District attorney: Adrian Peterson ‘exceeded’ standards
A Texas prosecutor said Saturday that Minnesota Vikings star Adrian Peterson exceeded Texas community standards for reasonable discipline of his child when he inflicted injuries on his son in May.
Based on the evidence, including the injuries, a grand jury in Montgomery County, Texas, indicted him this week on a charge of injury to a child. Peterson turned himself in early Saturday morning and posted a $15,000 bond.
Read: Peterson indictment
“Obviously, parents are entitled to discipline their children as they see fit, except for when that discipline exceeds what the community would say is reasonable,” said Phil Grant, first assistant district attorney in Montgomery County, Texas. “And so a grand jury having indicted this case, looked at the injuries that were inflicted upon this child and determined that discipline was not reasonable and did not reflect the community standards of what was reasonable discipline.”
Grant declined to provide details on the injuries because it’s a pending investigation. He said news reports that provided details of the injuries came from an unlawful leak in the case.
“It appears there’s been a significant leak of very sensitive information regarding this case,” Grant said. He said his office is working to find out the source of that leak and will prosecute it.
He said the evidence was presented to the grand jury over several weeks and was presented to only one grand jury. “It was not shopped around to multiple grand juries,” Grant said.

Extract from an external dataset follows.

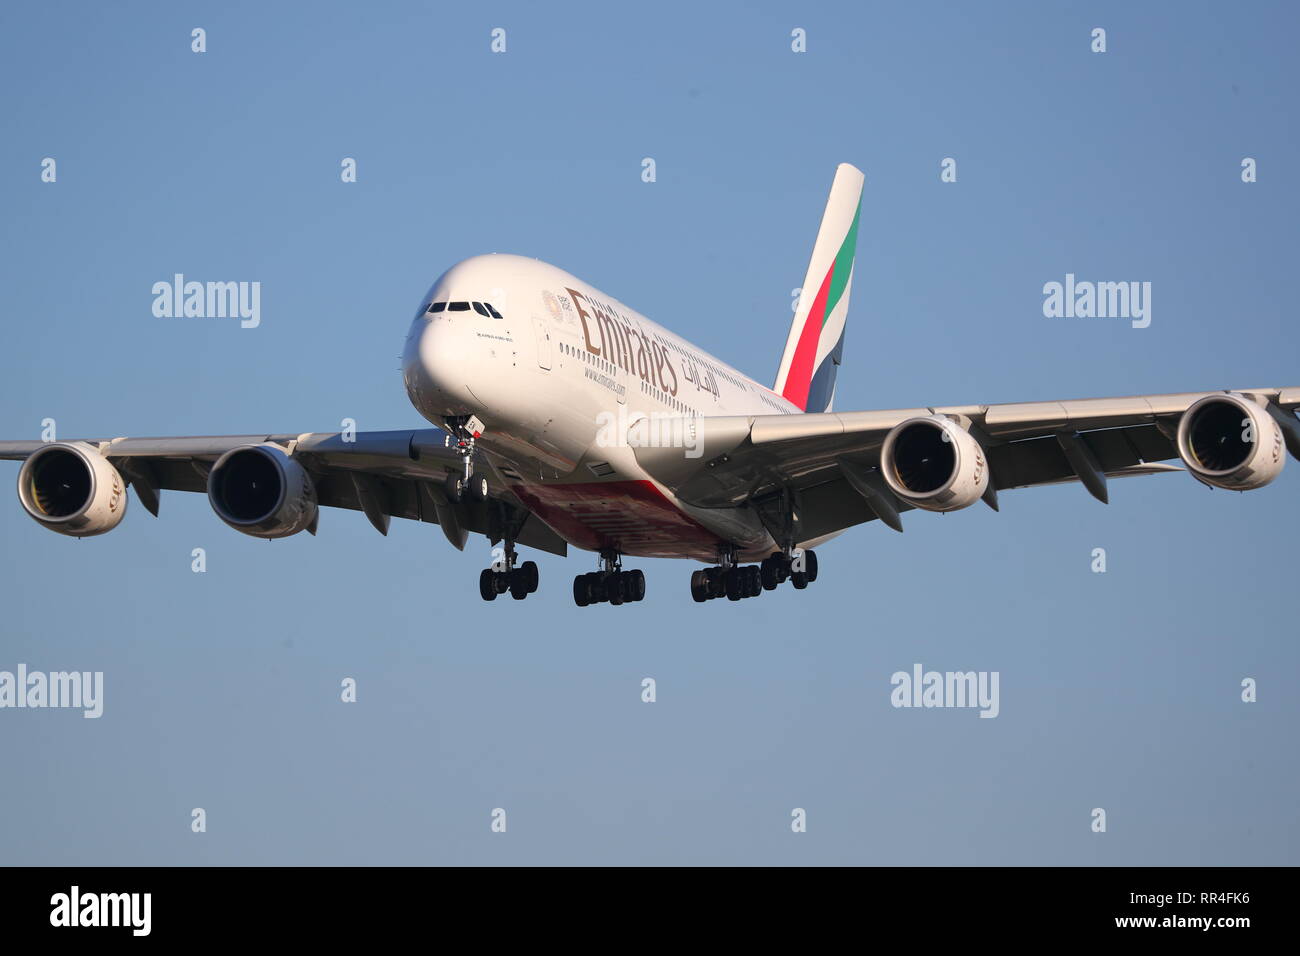 Emirates Airbus A380 A6-een el aterrizaje en el aeropuerto de Heathrow, Reino Unido Foto de stock
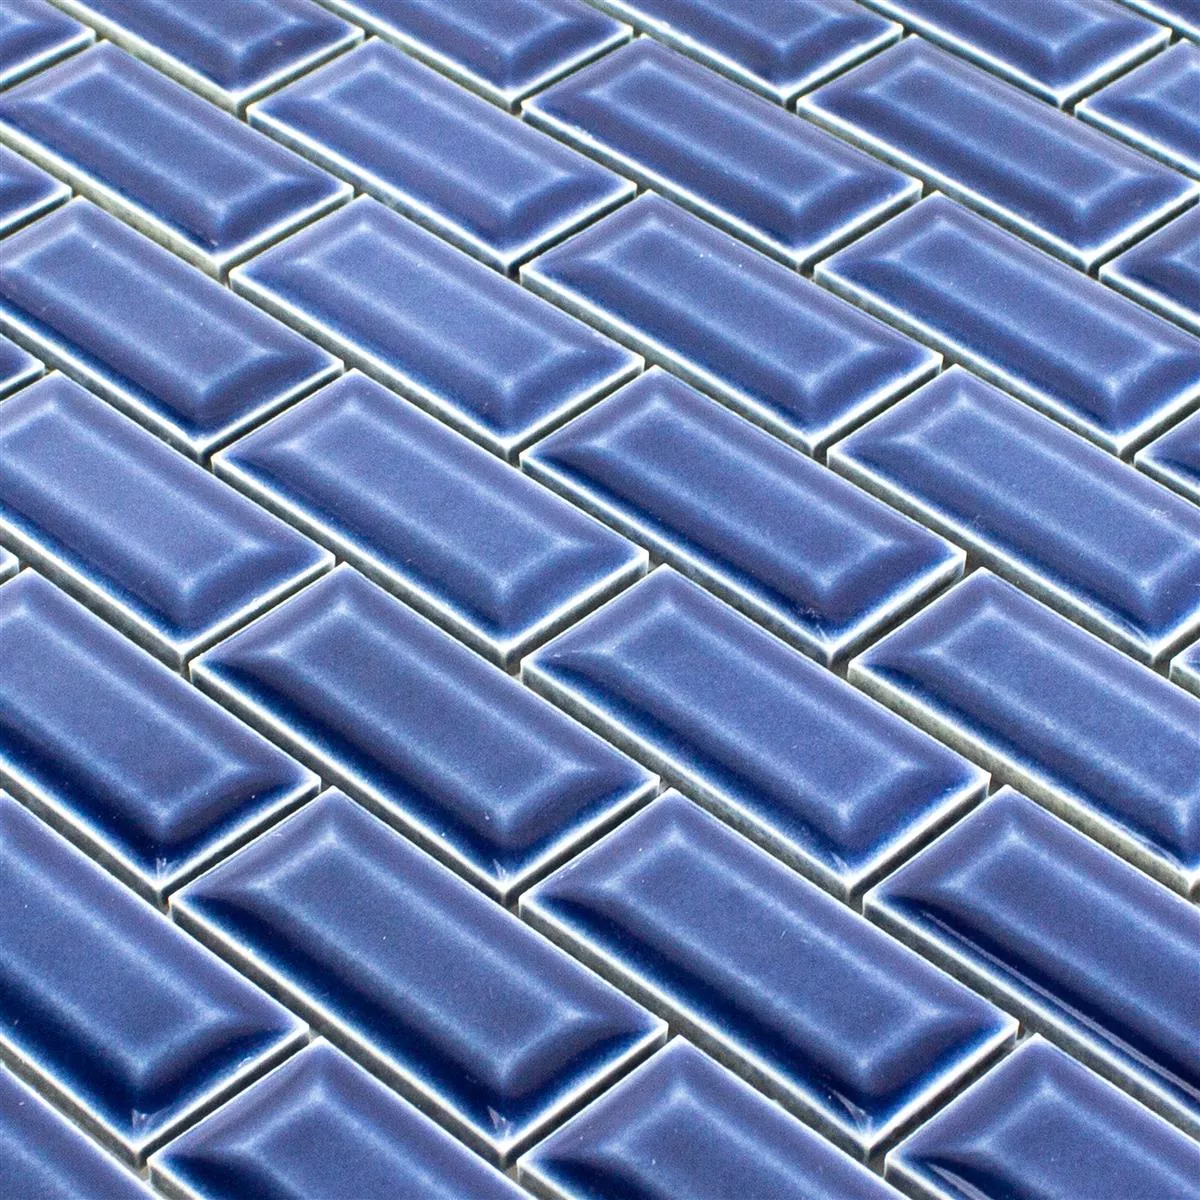 Ceramic Mosaic Tiles Organica Metro Blue

Peterson’s attorney, Rusty Hardin, released a statement Friday saying the charge involves the use of a “switch” to spank Peterson’s son, similar to what eterson experienced as a child growing up in east Texas.
“Adrian has never hidden from what happened,” Hardin said in the statement. “He has cooperated fully with authorities and voluntarily testified before the grand jury for several hours.
The key issue in the case likely will be whether the discipline was reasonable.
“It is important to remember that Adrian never intended to harm his son and deeply regrets the unintentional injury,” Hardin said.
Peterson, 29, lost another son in October when the 2-year-old child died of head injuries sustained in an alleged assault at the hands of the boyfriend of the boy’s mother.
He will not play in Sunday’s game against New England.